West Sahara wäre für mich ein absoluter Traum. Speziell Banco de Arguin muss der Hammer sein aber selbst ohne Corona wohl nicht einfach zu erreichen.
Ohne Guide wohl nur eingeschränkt zu empfehlen wegen der Sicherheitslage und da Naturschutzgebiet angeblich auch nur mit Guide erlaubt zu betreten.

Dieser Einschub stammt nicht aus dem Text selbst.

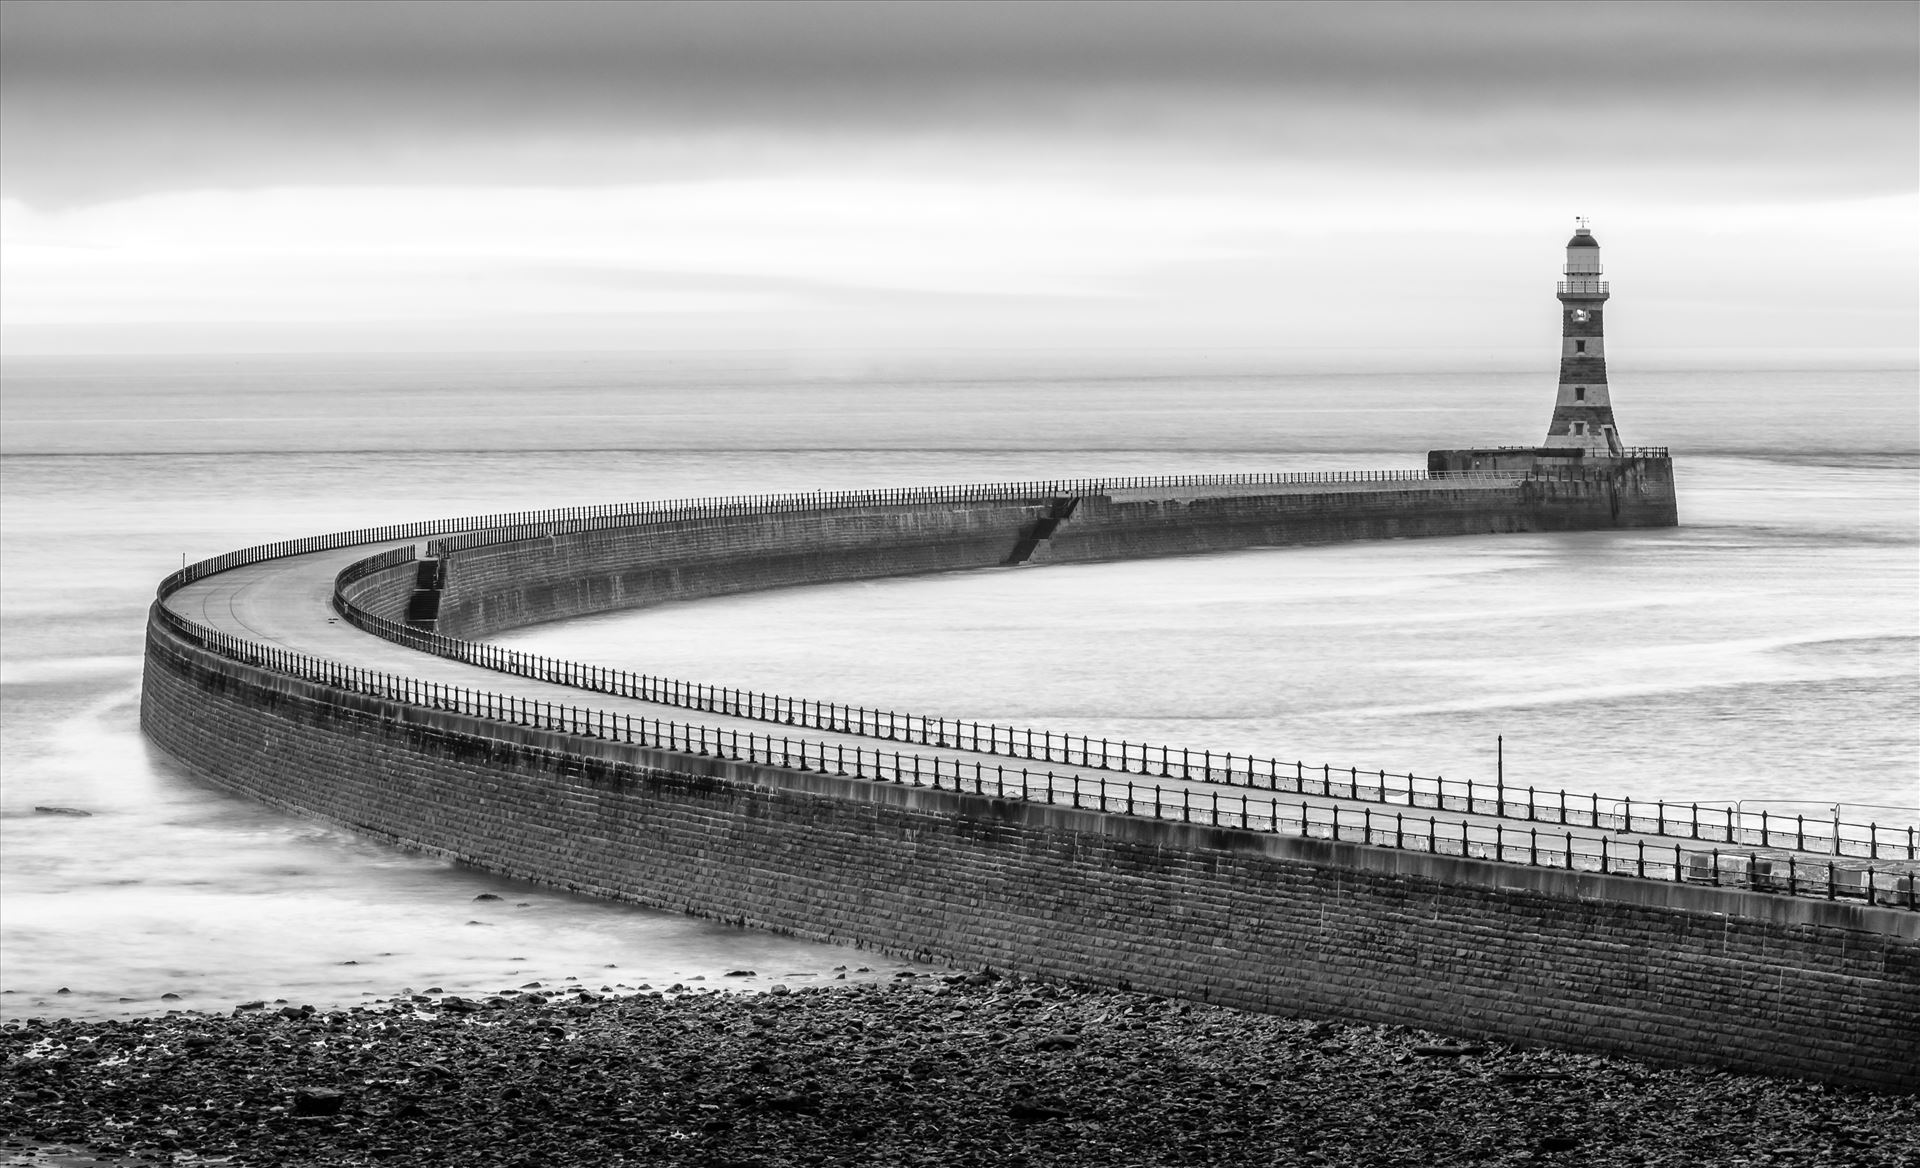 Roker Pier, Sunderland - For over a hundred years, Roker Pier & Lighthouse has protected the entrance into Sunderland's harbour with the pier, and distinctive red and grey granite hoops of the lighthouse, as one of the City's most iconic landmarks. by philreay

Ein guter Freund war letztes Jahr ein paar hunter Kilometer weiter nördlich und sagte schon dort geht es nur mit Guide wegen den ständigen Militärkontrollen.
Dort gibt es scheinbar sehr viele Schmuggler wo sie hinterher sind.....gut, ich sehe wohl nicht aus, wie der klassische Schmuggler, mein Kumpel manchmal schon

Aber grundsätzlich schwieriges Terrain für Europäer die komplett selfmade unterwegs sein wollen.


----------



## Silverfish1 (22. April 2020)

ja da hast du vollkommen recht. Es ist einfach deprimierend zur Zeit nichts kann man planen wo rauf man sich freuen kann. 
wenn ihr Ideen habt bin ich offen dafür


----------



## Lorenz (4. Juni 2020)

Lorenz schrieb:


> Wer Interesse an abenteuerlichem Uferfischen hat, kann sich ja mal melden (und ggfs im Oktober noch mir/uns anschließen).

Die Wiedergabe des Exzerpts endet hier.